## Dataset excerpt

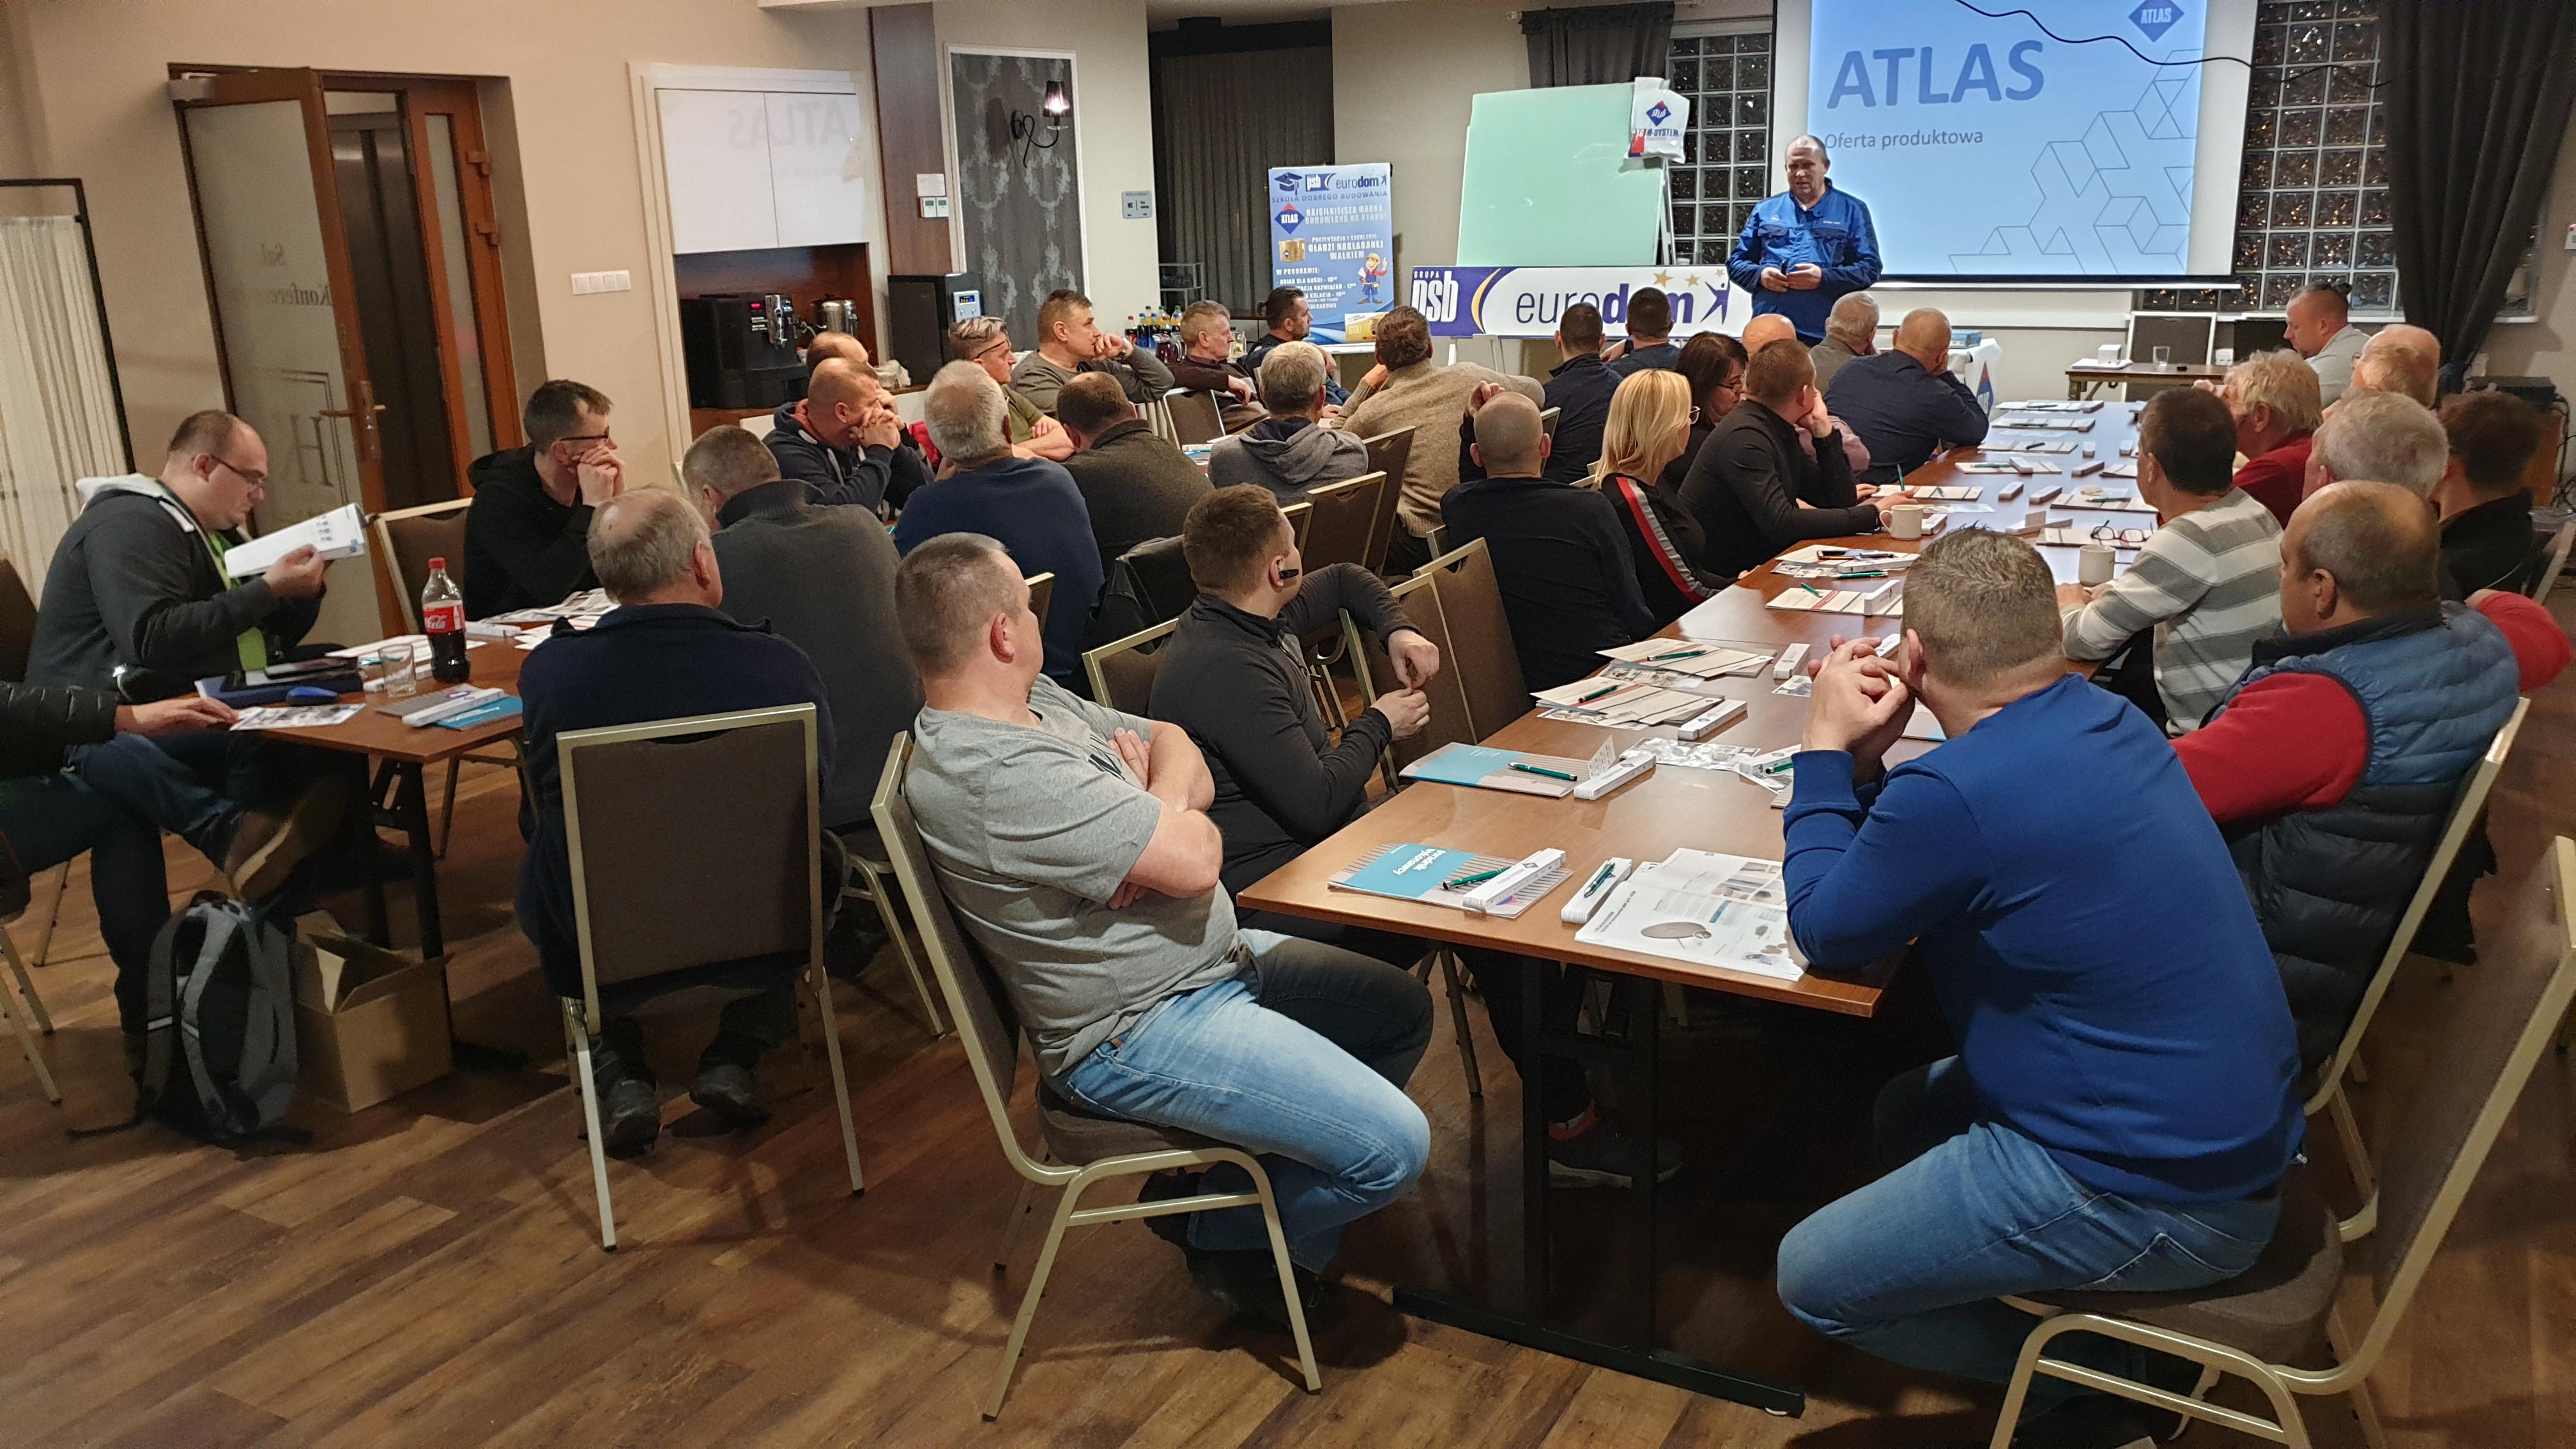 atlas-szkoli-wykonawcow-w-eurodom-siedlce
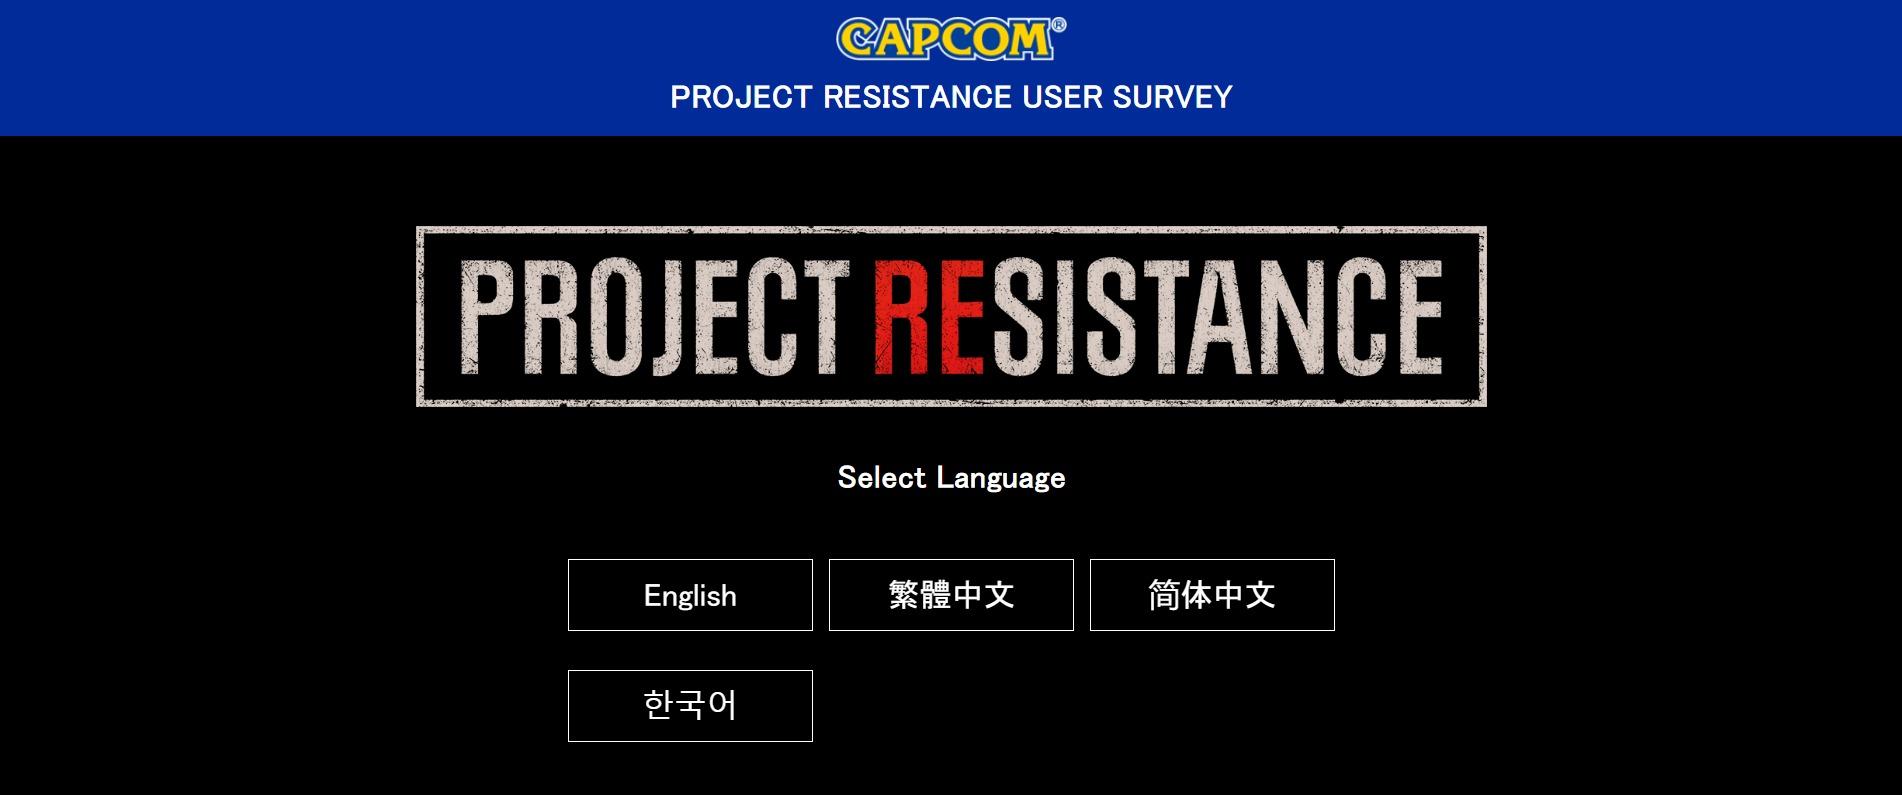 卡普空发布《生化危机》抵抗计划调查问卷 还有壁纸相送
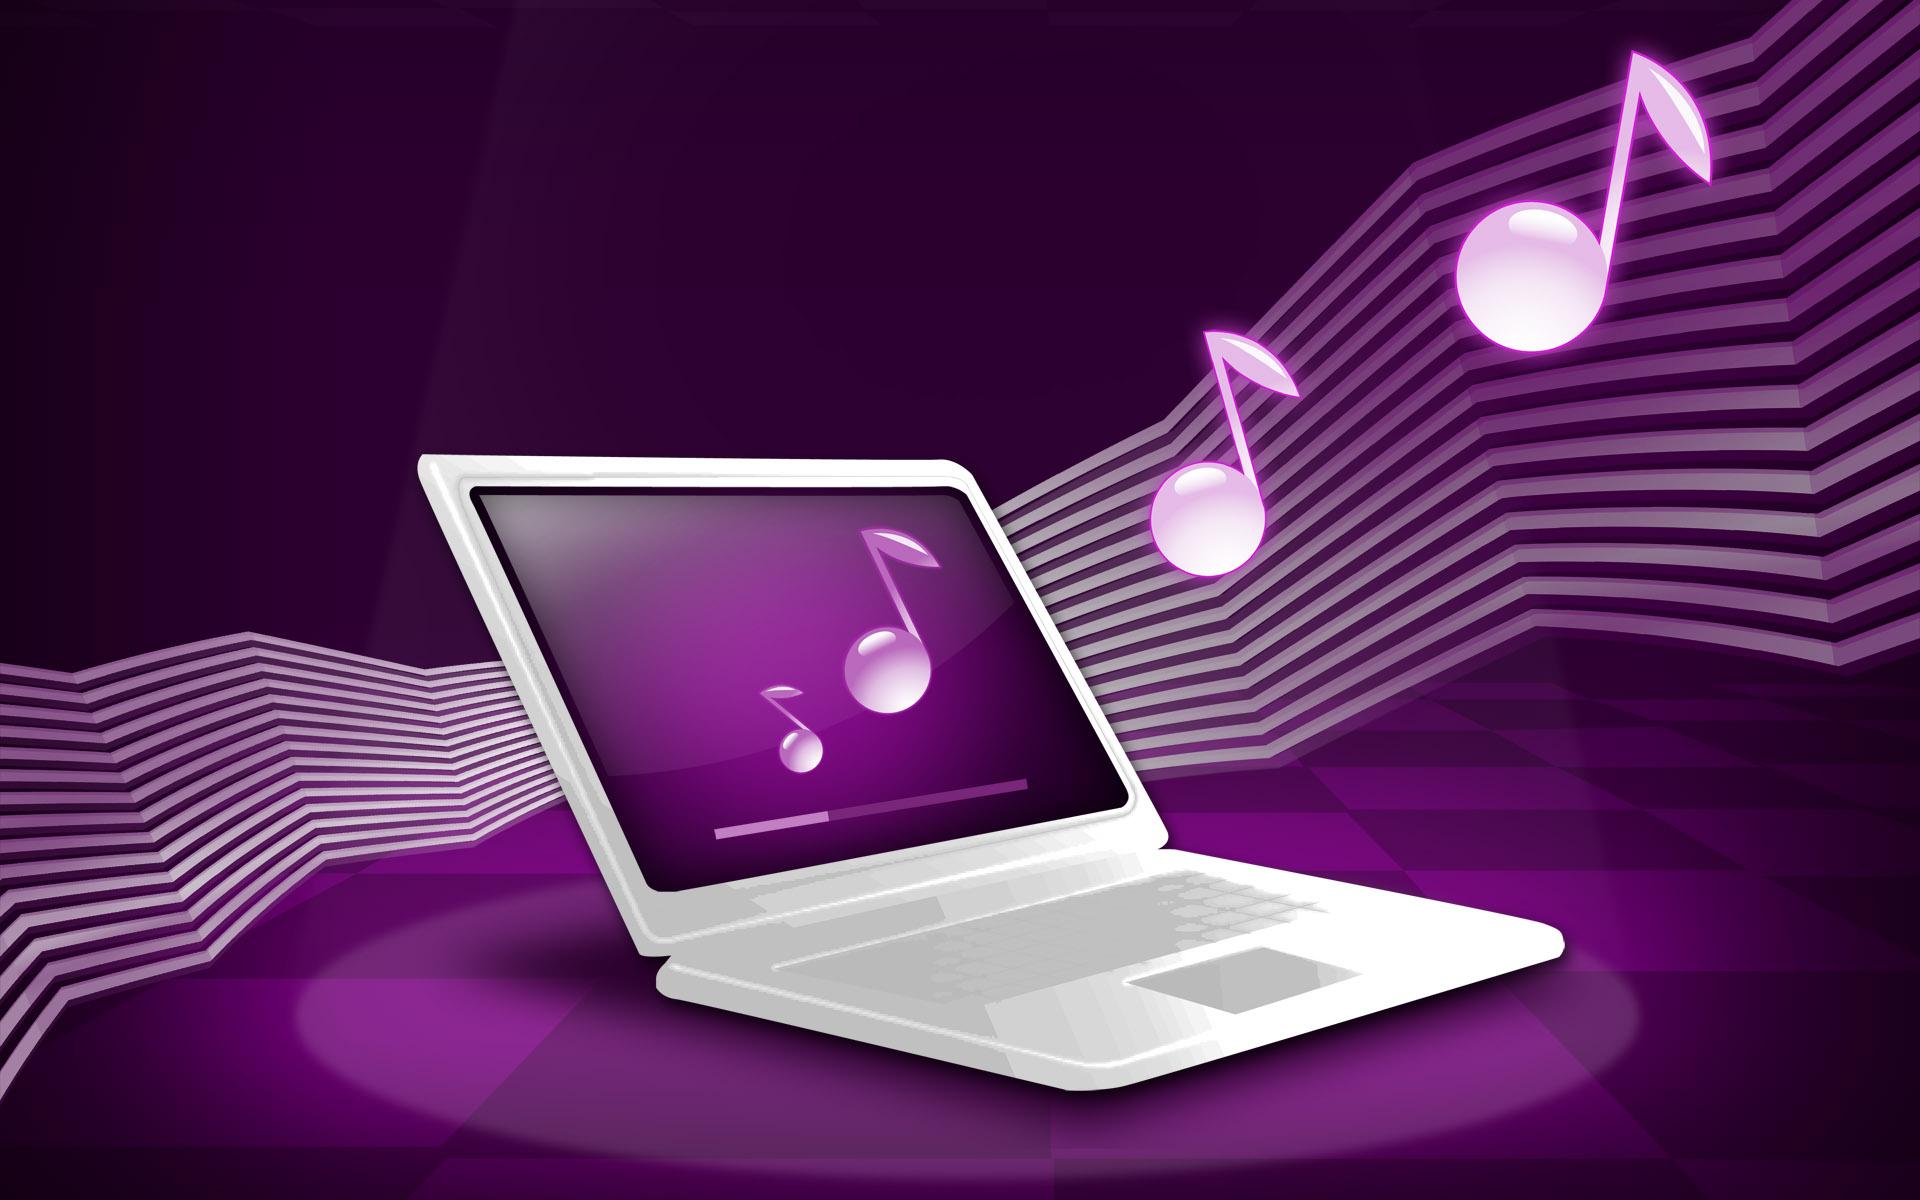 Free Download Technology Desktop Wallpaper 3d Technology
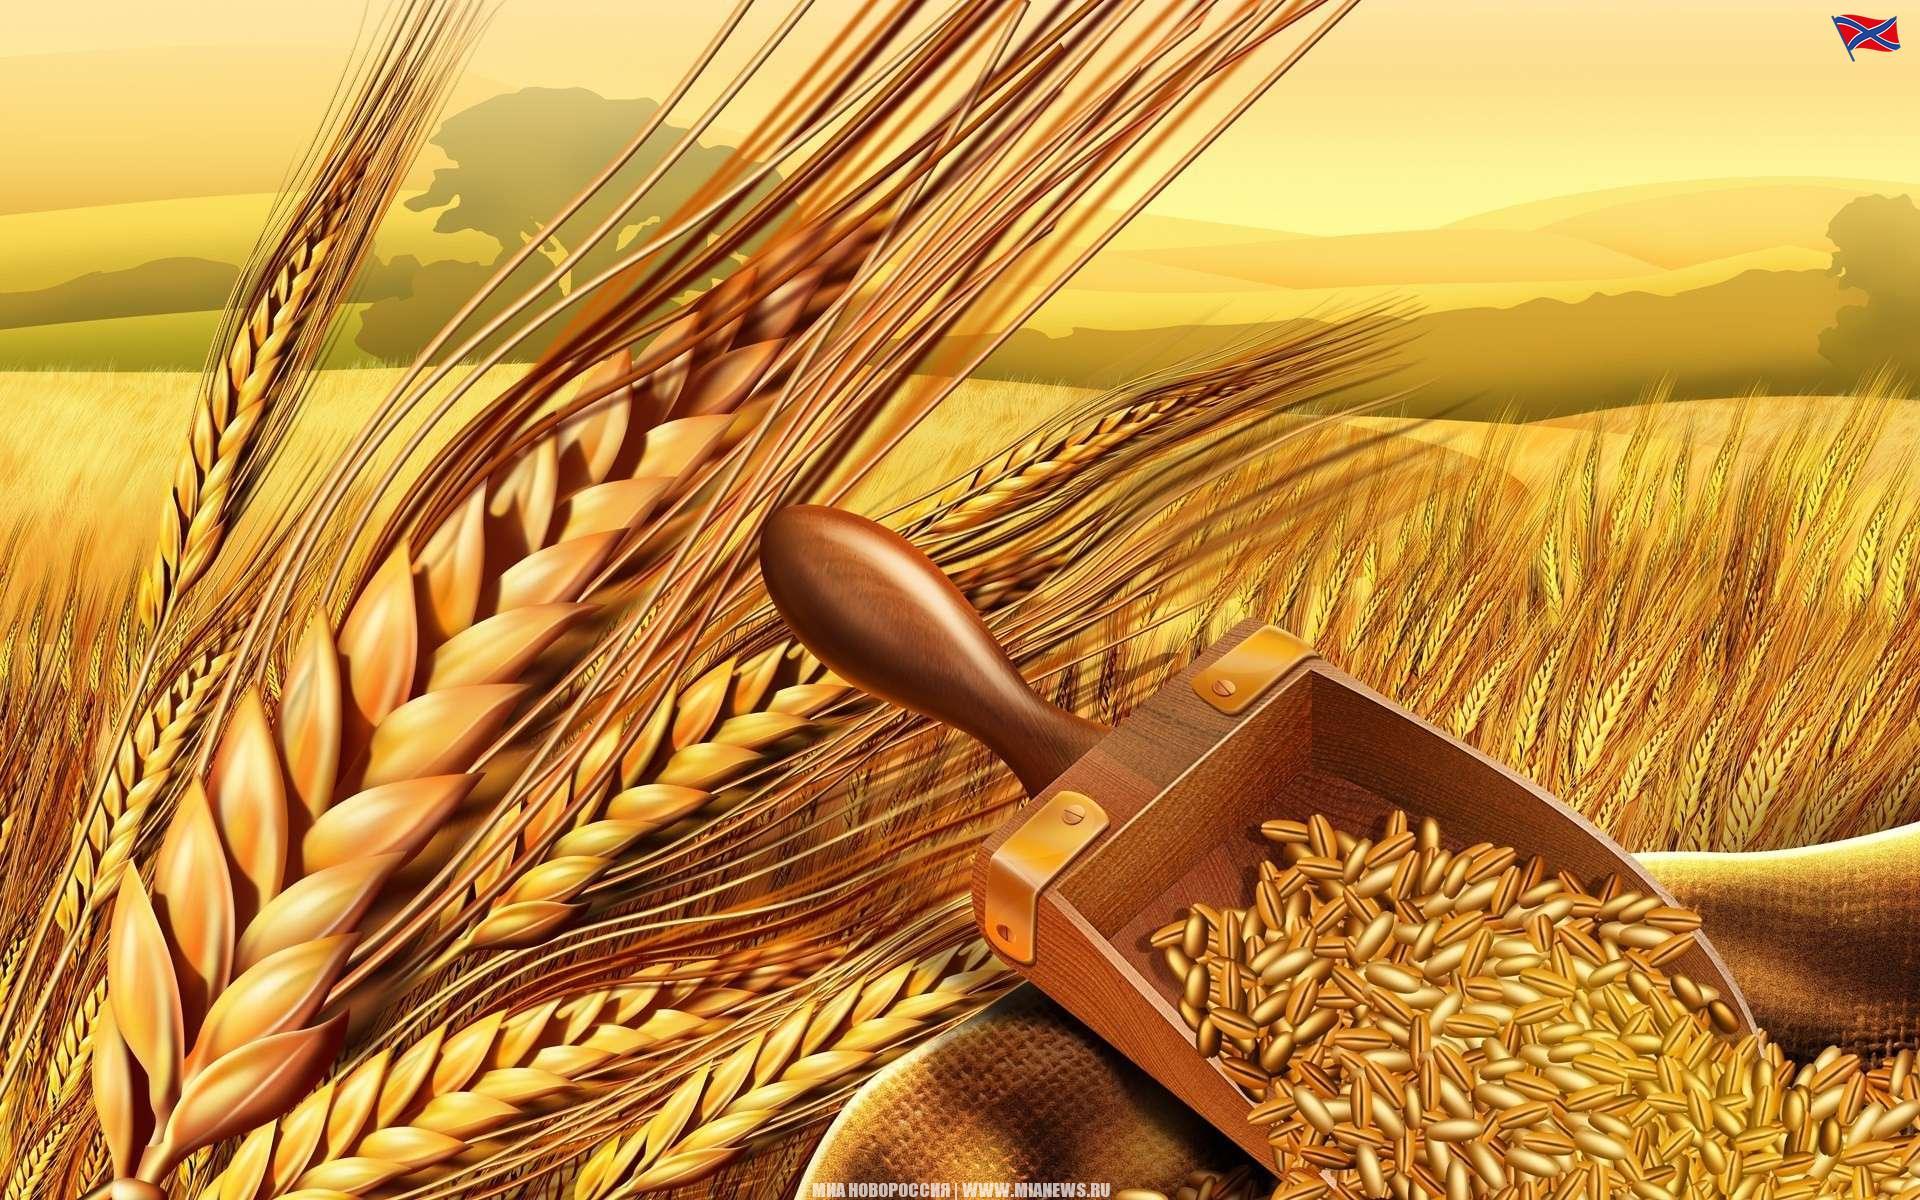 Скучашки прикольные, картинки о хлебе и хлеборобах

## Work required
Using the data above, print every line exactly, omitting pictures.

## Output for this task
 atlas-szkoli-wykonawcow-w-eurodom-siedlce
 卡普空发布《生化危机》抵抗计划调查问卷 还有壁纸相送
 Free Download Technology Desktop Wallpaper 3d Technology
 Скучашки прикольные, картинки о хлебе и хлеборобах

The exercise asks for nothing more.